Adorno reminds me however, that if this place is to last as long as Le Caprice did, it’ll have to do so without him. (The maitre d’s former haunt will now be turned into an Italian restaurant, by the looks of things, while it seems possible that its sonorous name will be deployed somewhere else in the Caring empire — or perhaps even undergo a national roll-out, as happened with The Ivy brand.)

“So This is my last swan song,” Adorno says. “I’m lucky that people might come here to see me. But I need it to live on after I’ve left.” This eventuality seems distant and remote, like flying cars or 3D printed Puligny Montrachet.

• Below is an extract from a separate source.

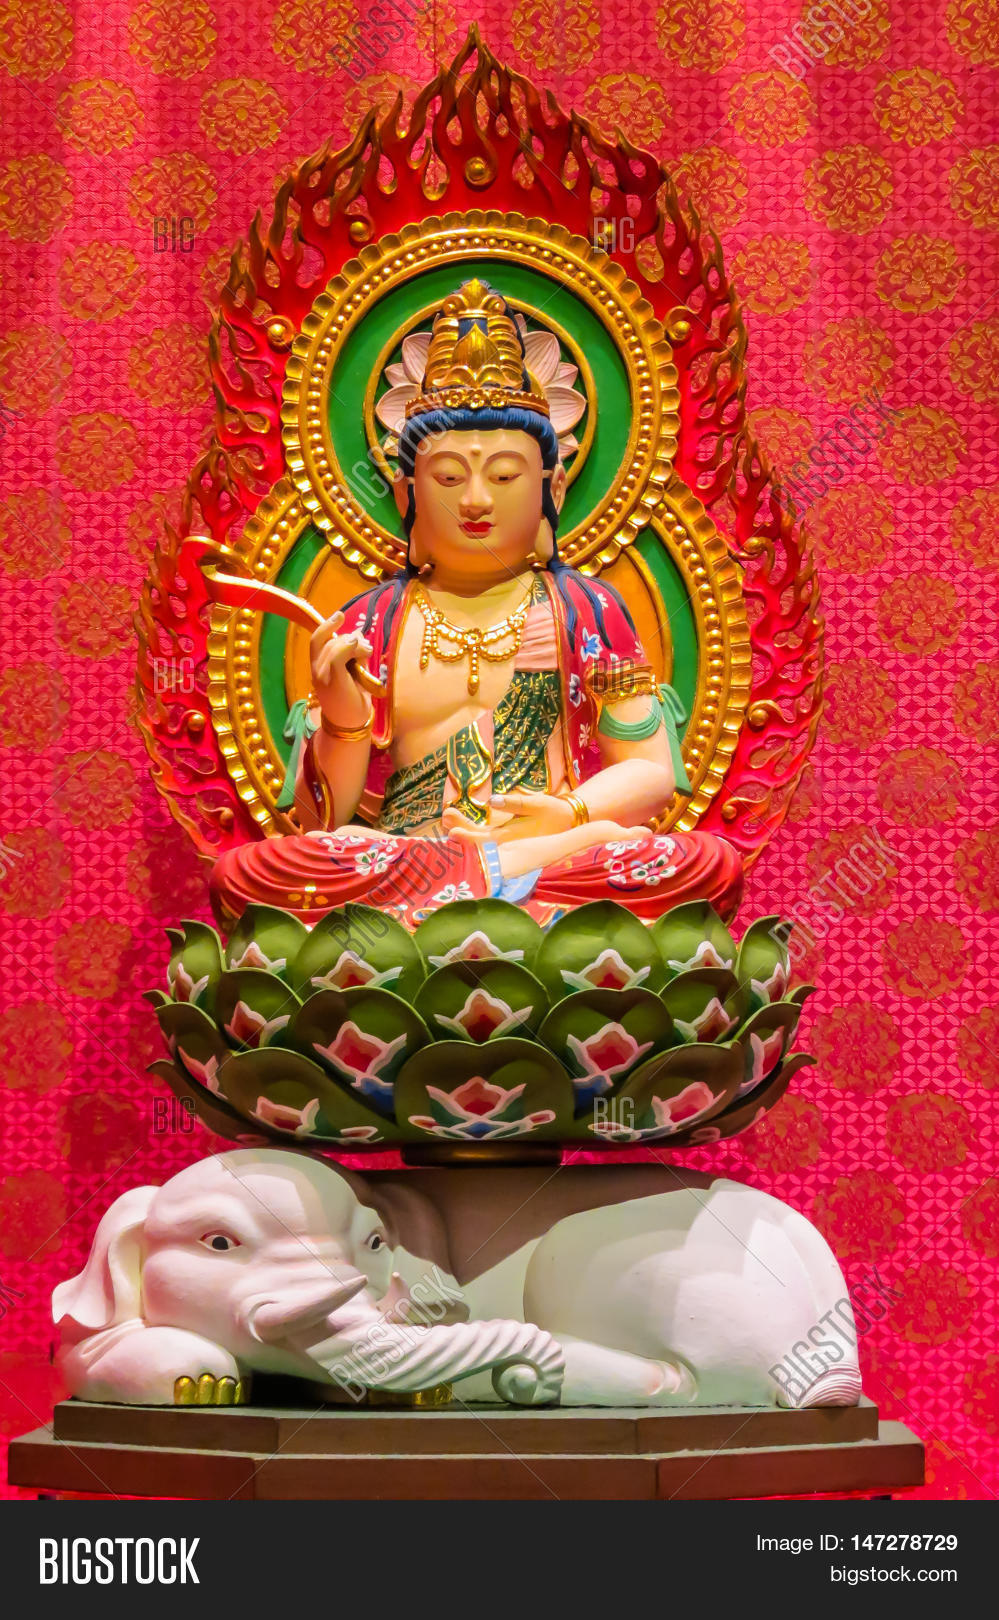 Buddha Image That Image Photo Free Trial Bigstock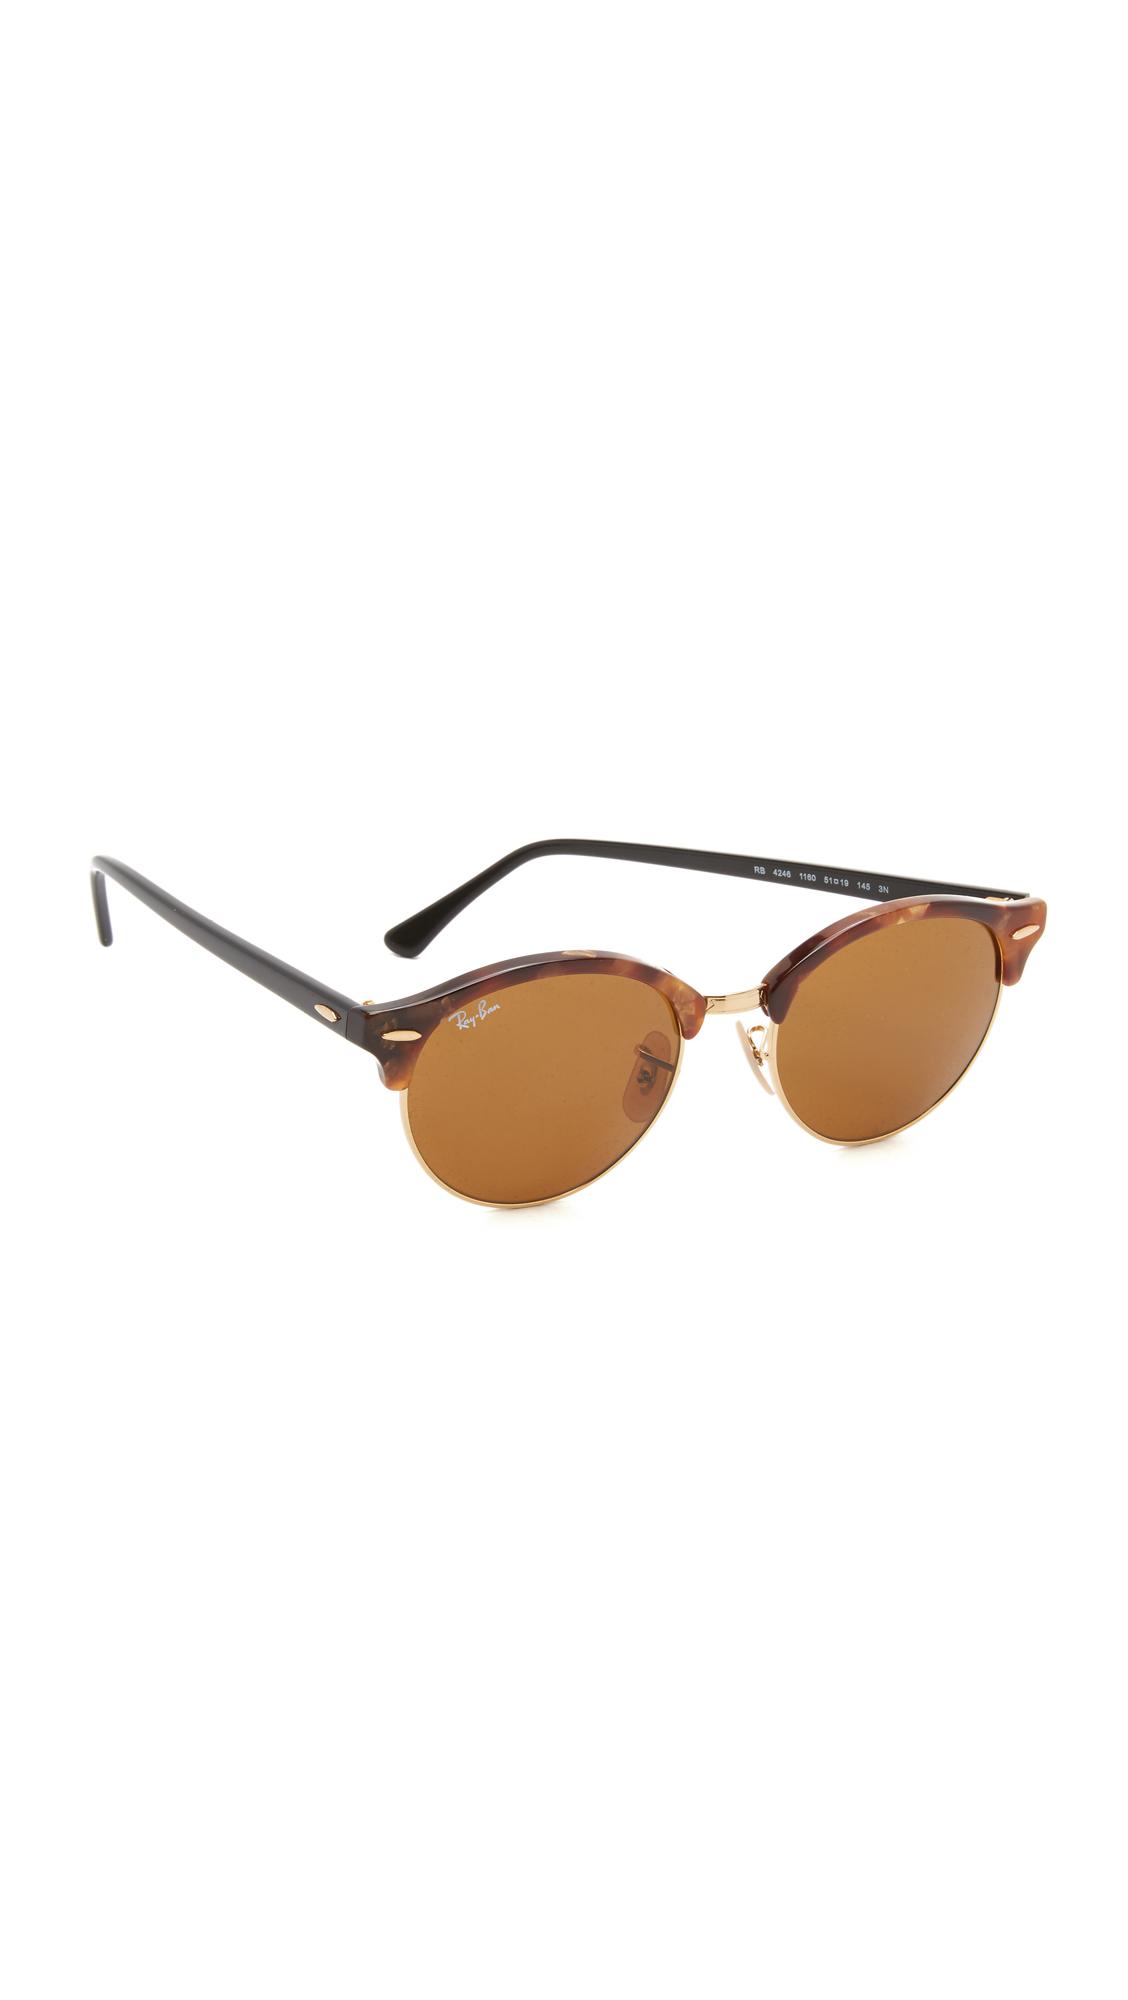 71b9b0753122 RAY BAN Round Clubmaster Sunglasses

The maitre d’ game tends to keep one young, after all, and Adorno is the youngest 70-something-year-old in town. Besides — he’s only just getting started here. There are many more lunches to come. “And I’ll make sure this place is the best it can be.”

“But all I would like, a few years after I leave, is to come back one day for lunch. And they’ll say ‘oh, Jesus, how are you?’” he laughs. “Then I’ll have a glass of wine, maybe two, a plate of pasta —and then, when I come to pay the bill, they’ll say: ‘don’t worry, Jesus. This one’s on the house.’”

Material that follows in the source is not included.